Brunetti is his own man but not in the confrontational, rebellious ways of Ian Rankin’s Rebus or Jo Nesbo’s Harry Hole. Brunetti works within, but is not part of, the inherent corrupt system that is woven into every the fabric of the Venetians’ lives; from unpaid taxes to the broad-ranging bribery of officials; deliberate incompetence by police to the theft of evidence and the pillaging of the priceless artifacts from Venice’s history.

By its Cover opens with the chief librarian at the Biblioteca Merula, reporting the theft of antique books and the vandalism of others. The culprit appears to be the American professor who had been ostensibly accessing the books for research and who has now disappeared. But there is also the mysterious former priest nicknamed Tertullian by the staff for his daily routine of reading the works by the controversial ancient African theologian.
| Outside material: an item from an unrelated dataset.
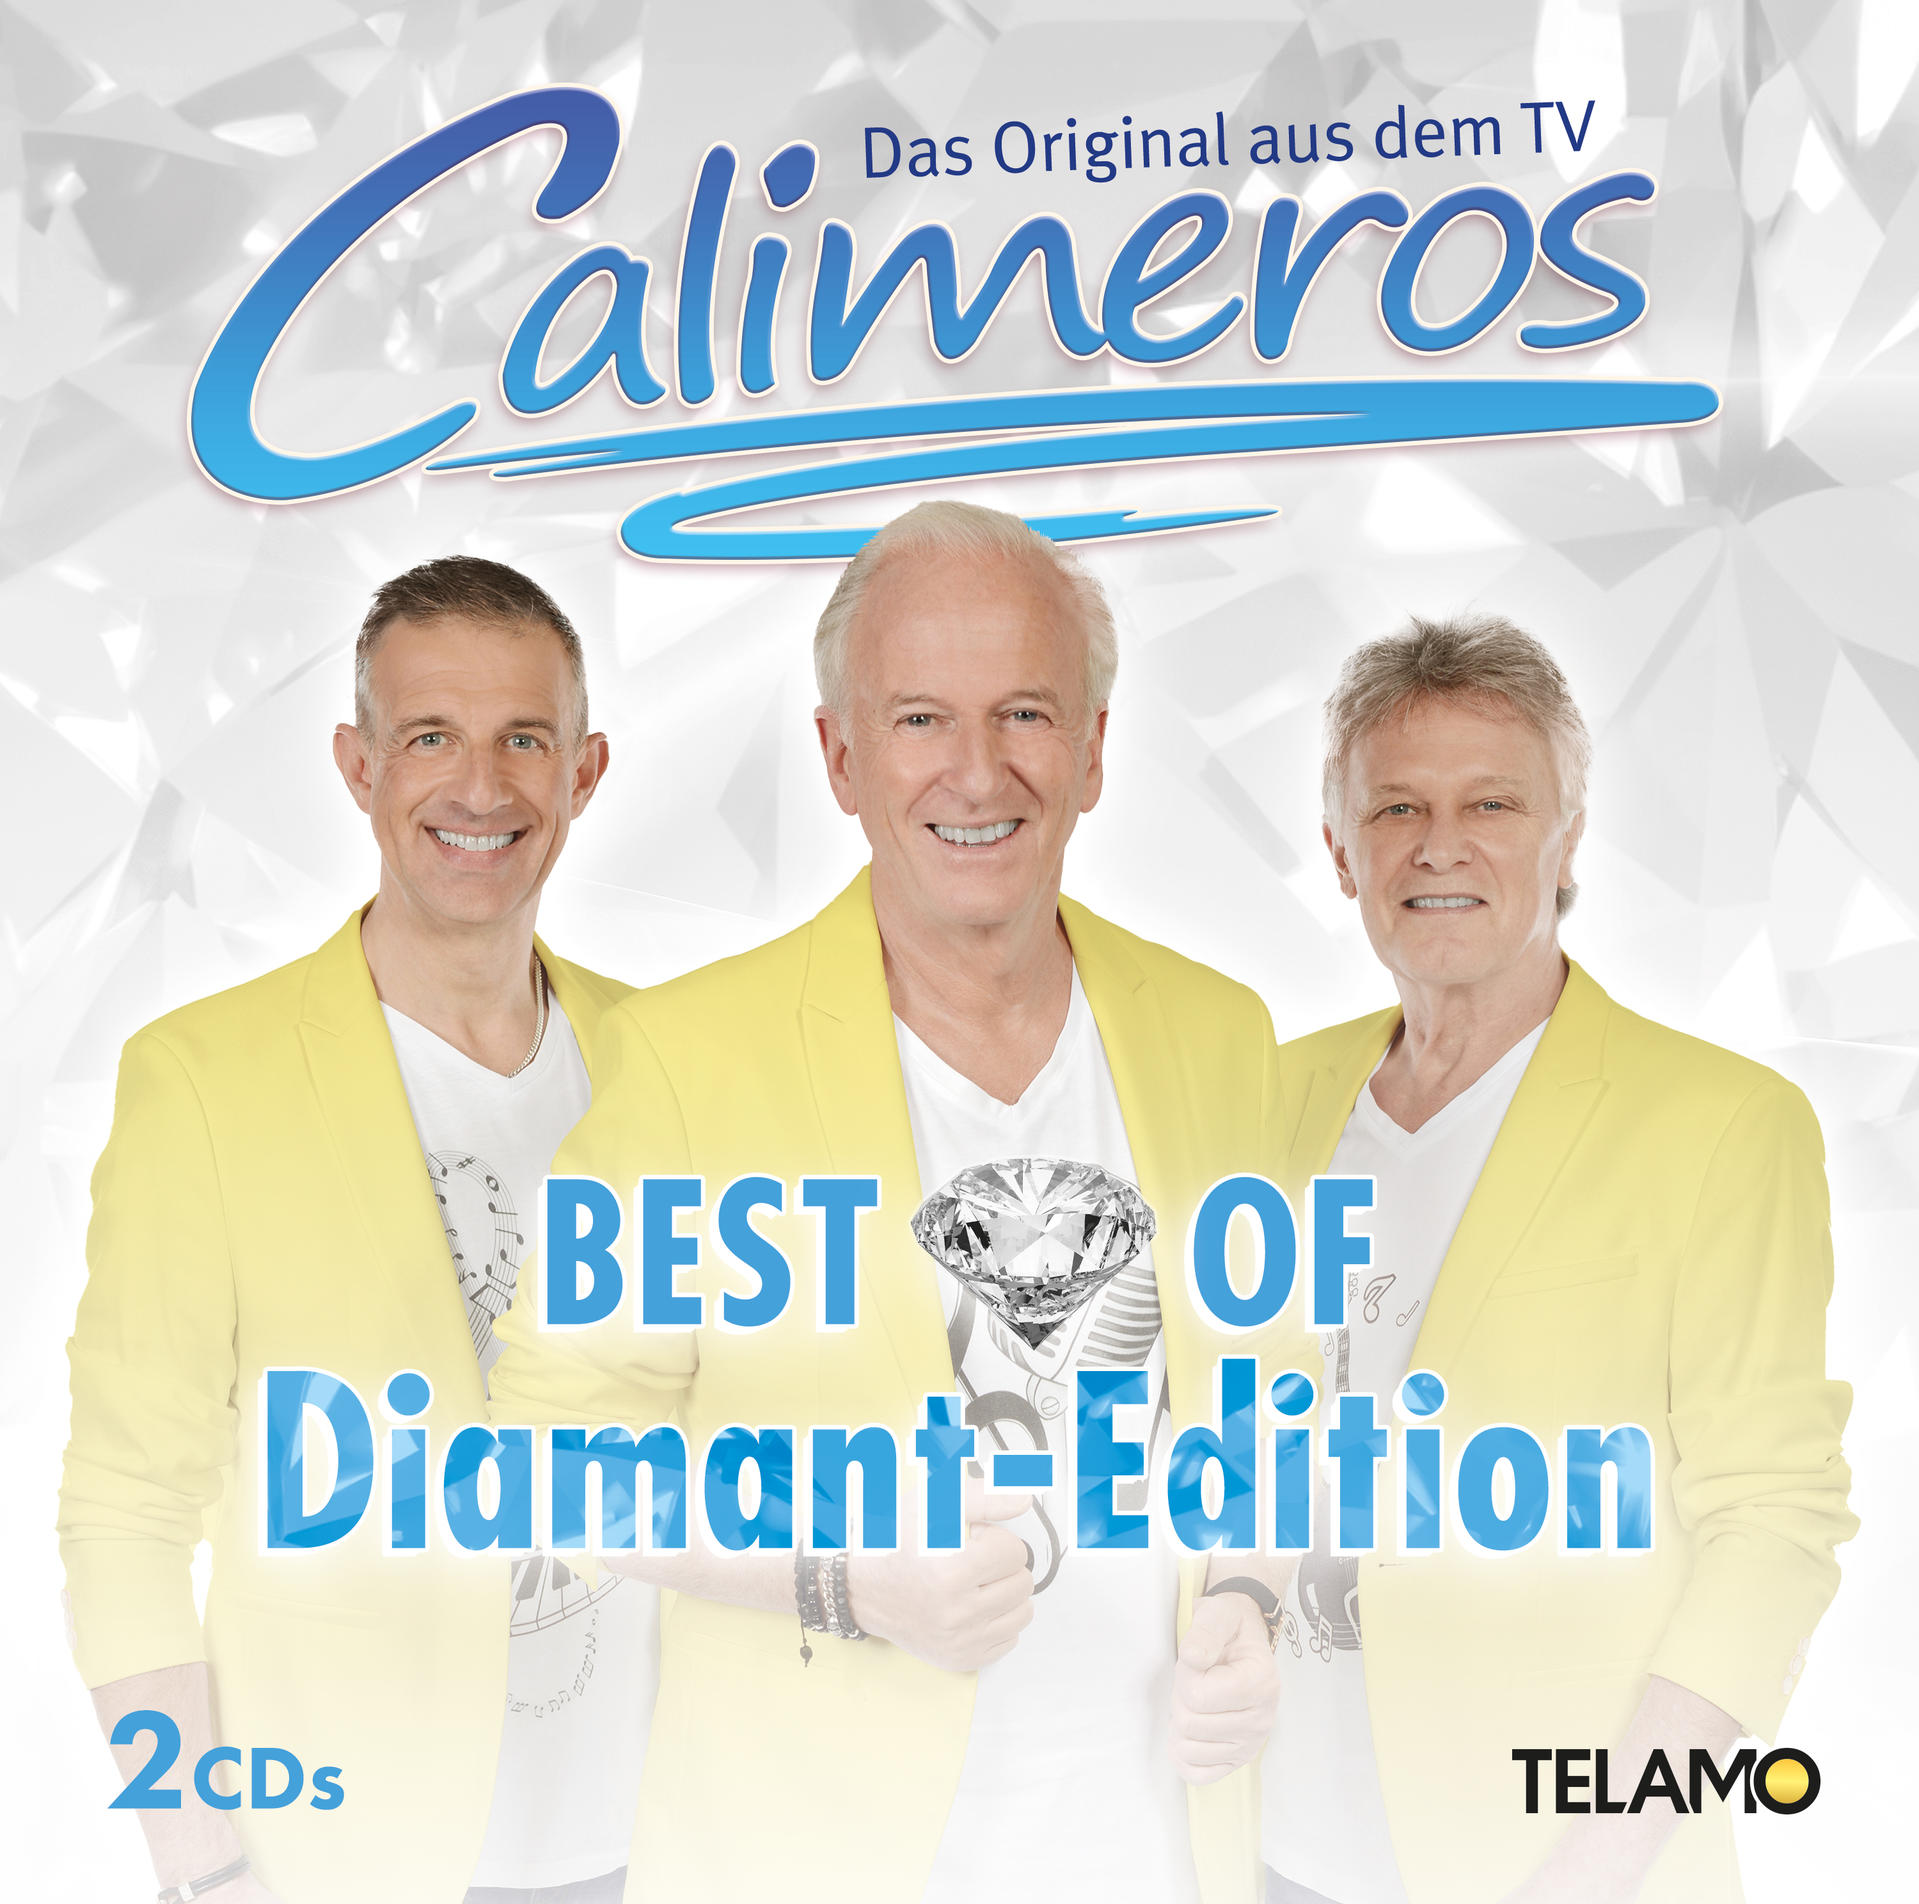 Best - (CD) Of(Diamant-Edition) - Calimeros

For the librarian it is a disaster, not simply the loss of irreplaceable literary treasures but the fact the missing tomes were part of a collection donated by Contessa Morosini-Albani, doyenne of one of the ancient noble families that still wield inordinate behind-the-scenes power in the modern city, and whose displeasure can end careers – or worse.

As in all Brunetti stories, there is no guns ablazing denouement. Instead it is the systematic piecing together of small scraps of information that leads to the solution – a mysterious encounter in the park, a brother’s confession, a not-so-subtle warning from Brunetti’s boss.

Sadly, although there are the usual layers of history and philosophy as well as the internal Italian tribalism, there was little of the usual food porn that is usually peppered through a Brunetti novel and has spawned an eponymous cookbook available in Venice. However, one of the new riffs that I forsee will become an increasing part of Leon’s focus, is the irreparable harm to the buildings being done by giant tourism liners granted permission after the payment of backhanders.

As they completed their turn into the bacino and looked forward again, they both gasped. There was nothing theatrical about it, no attempt to make a scene or a statement. They did no more than express their human response to the otherworldly and impossible. Ahead of them was the stern of one of the newest, largest cruise ships. Its enormous rear end stared bluntly back at them, as if daring them to comment. 

Seven, eight, nine, ten storey. Was this possible? From their perspective, it blocked out the city, blocked out the light, blocked out all thought of sense or reason or the appropriateness of things. They trailed along behind it, watching the wake it created avalanche slowly towards the rivas on both sides. Tiny wave after tiny wave after tiny wave, and what in God’s name was the thrust of that vast expanse of displaced water doing to those stones and to the centuries-old binding that kept them in place? Suddenly the air was unbreathable as a capricious gust blew the ship’s exhaust down on them for a few seconds. And then the air was just as suddenly filled with the sweetness of springtime and buds and new leaves, fresh grass and nature’s giggly joy at coming back for another show. 

They could see, scores of metres above them, people lining the deck, turned like sunflowers to the beauty of the Piazza and the domes and the bell tower. A vaporetto appeared on the other side, coming towards them, and the people on the deck, no doubt Venetians, raised their fists and shook them at the passengers, but the tourists were looking the other way and failed to see the friendly natives.”